Joint Management as an Emerging Norm in International Watercourses Law: The Case of the SADC

Authors William Attwell

ISSN: 2026-8556
Affiliations: Principal Policy Analyst, City of Cape Town
Source: SADC Law Journal, The, 2013, p. 117 – 138

Abstract

This article examines how the joint management approach to the governance of international watercourses — and its institutional expression: the international river basin organisation or IRBOs — is gaining traction as a norm in international watercourses law in the context of the SADC’s legal and policy architecture. It posits that, in response to the acute water insecurity facing the region, SADC member states have increasingly moved towards an integrated approach to international watercourses law and governance, one that places a strong emphasis on trans-boundary joint management regimes. This is underpinned by legal developments at international, regional and national levels. At an international level, the SADC member states that are party to the UN Convention on the Law of the Non-navigational Uses of International Watercourses have committed to the principles of equitable and reasonable utilisation, as well as provisions promoting the establishment of joint institutions.
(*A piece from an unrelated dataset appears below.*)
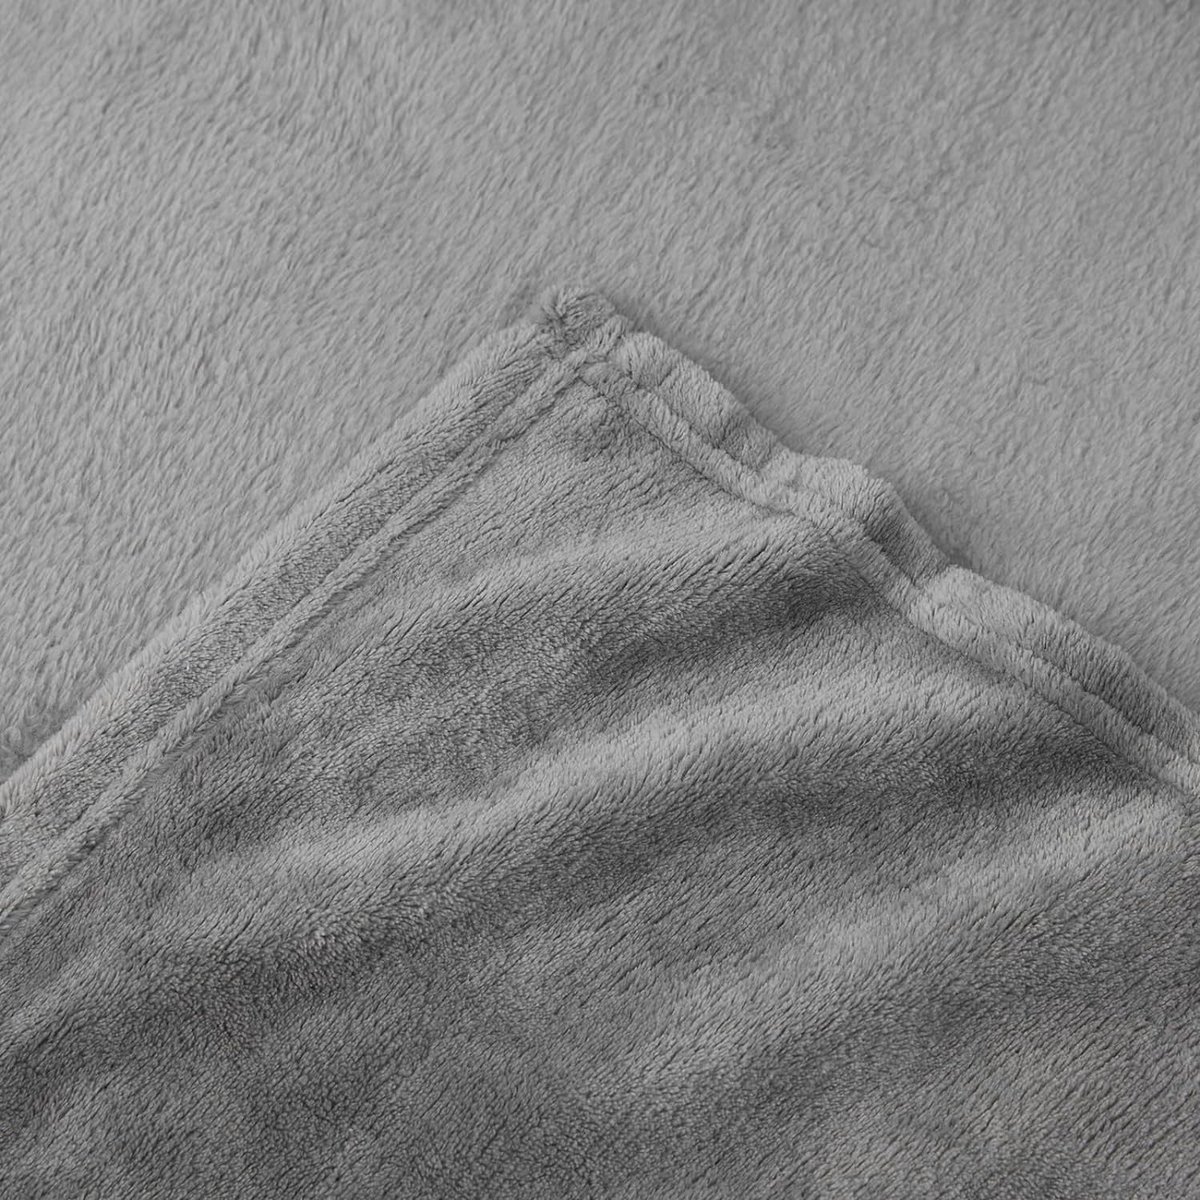 Knuffeldeken wollig fleecedeken grijs deken bank XL 150 x 200 cm warme bankdeken knuffelige woondeken lichtgrijs zacht als woonkamer deken bankdeken
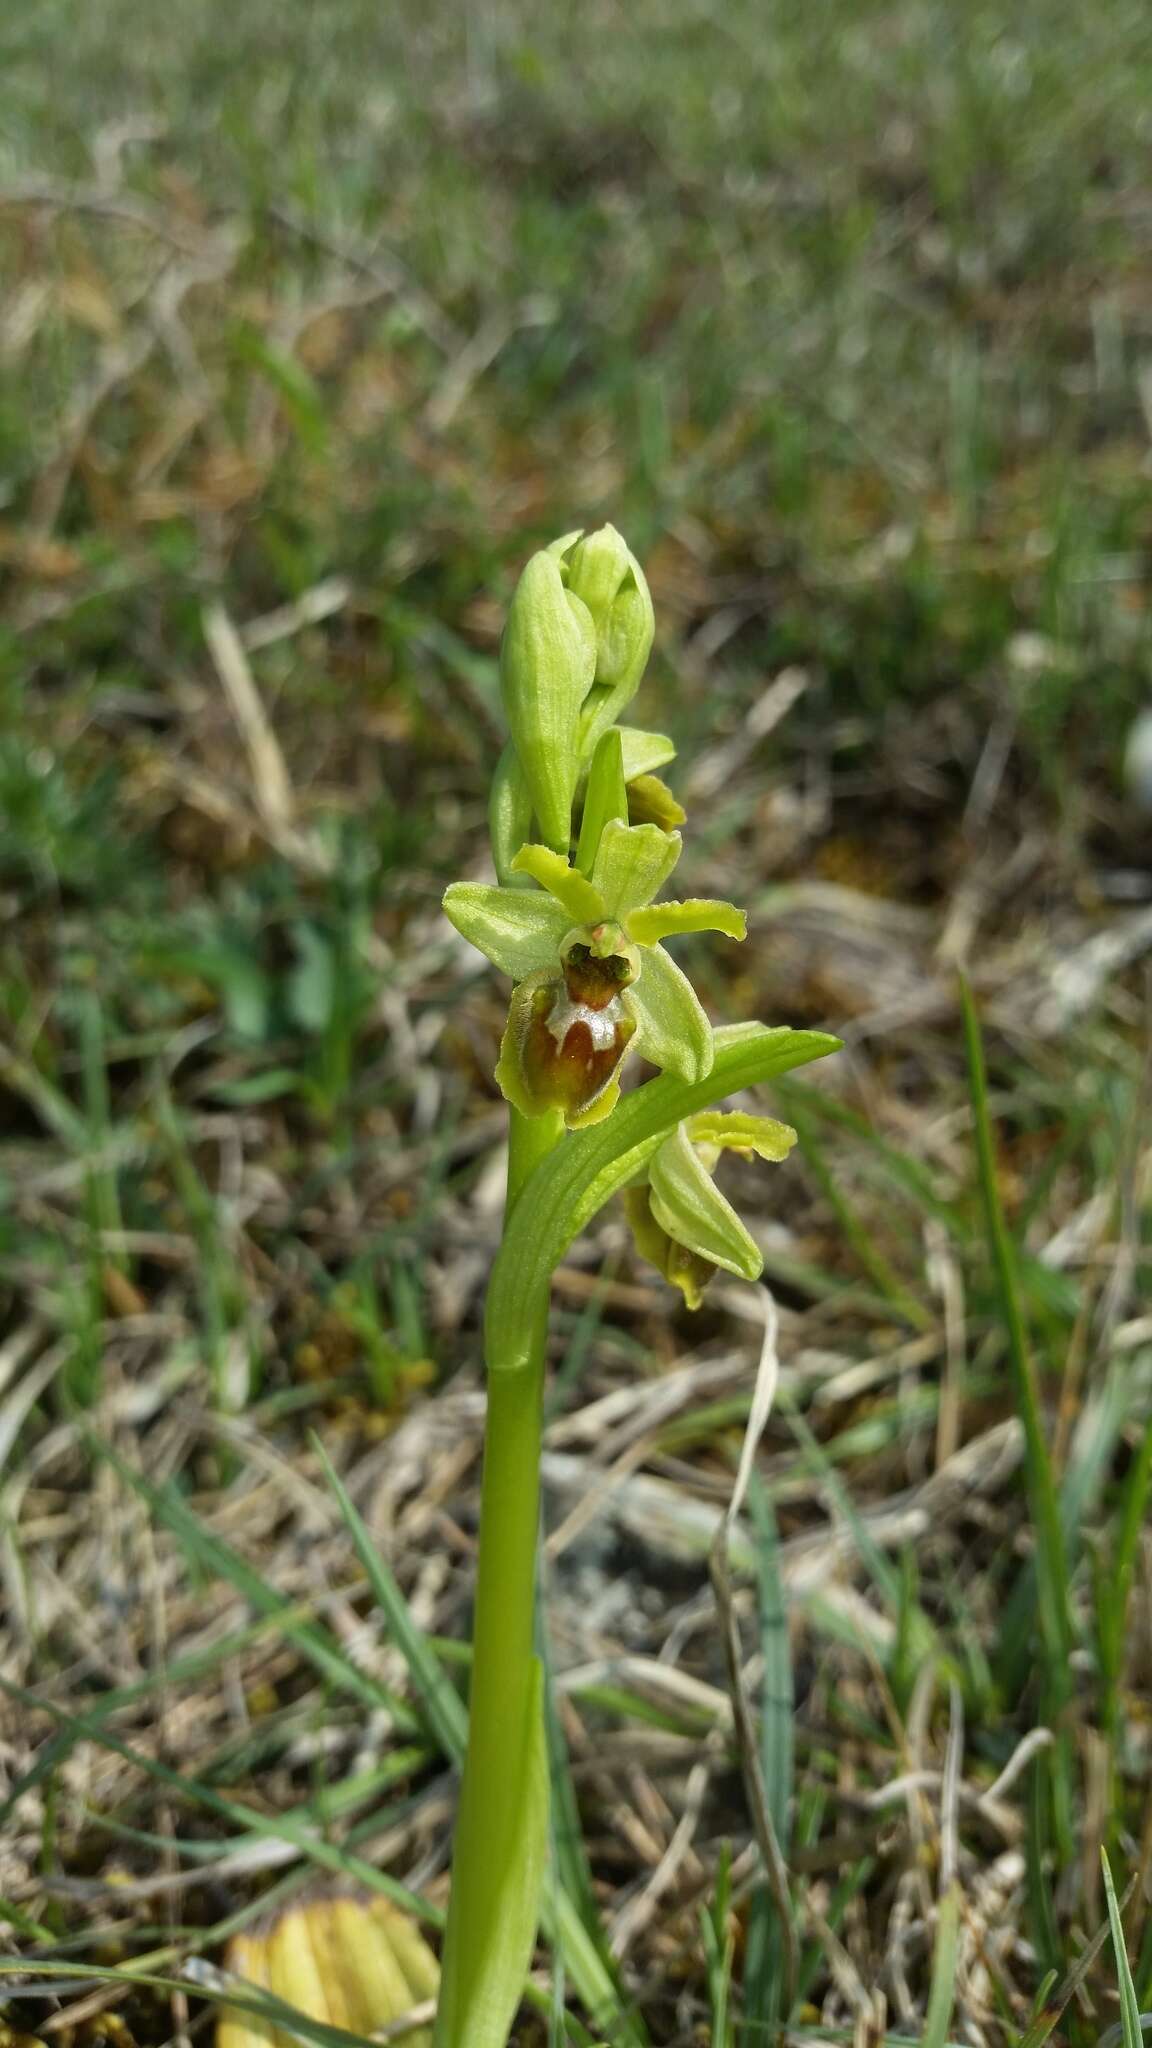 Image of Ophrys sphegodes subsp. araneola (Rchb.) M. Laínz

This has shaped regional international law, notably the 2000 SADC Protocol on Shared Watercourses, with its emphasis on institutional cooperation; as well as the attendant SADC policy documents shaping trans-boundary water governance. The article uses a case study of the Okavango states (Angola, Botswana and Namibia) to assess how the concept of joint management of trans-boundary watercourses has been incorporated into water law at a national level. The paper concludes by examining developments in contemporary international jurisprudence regarding the joint management concept and joint institutions by analysing two cases where the role of such institutions became a prominent theme in judgments handed down by the International Court of Justice.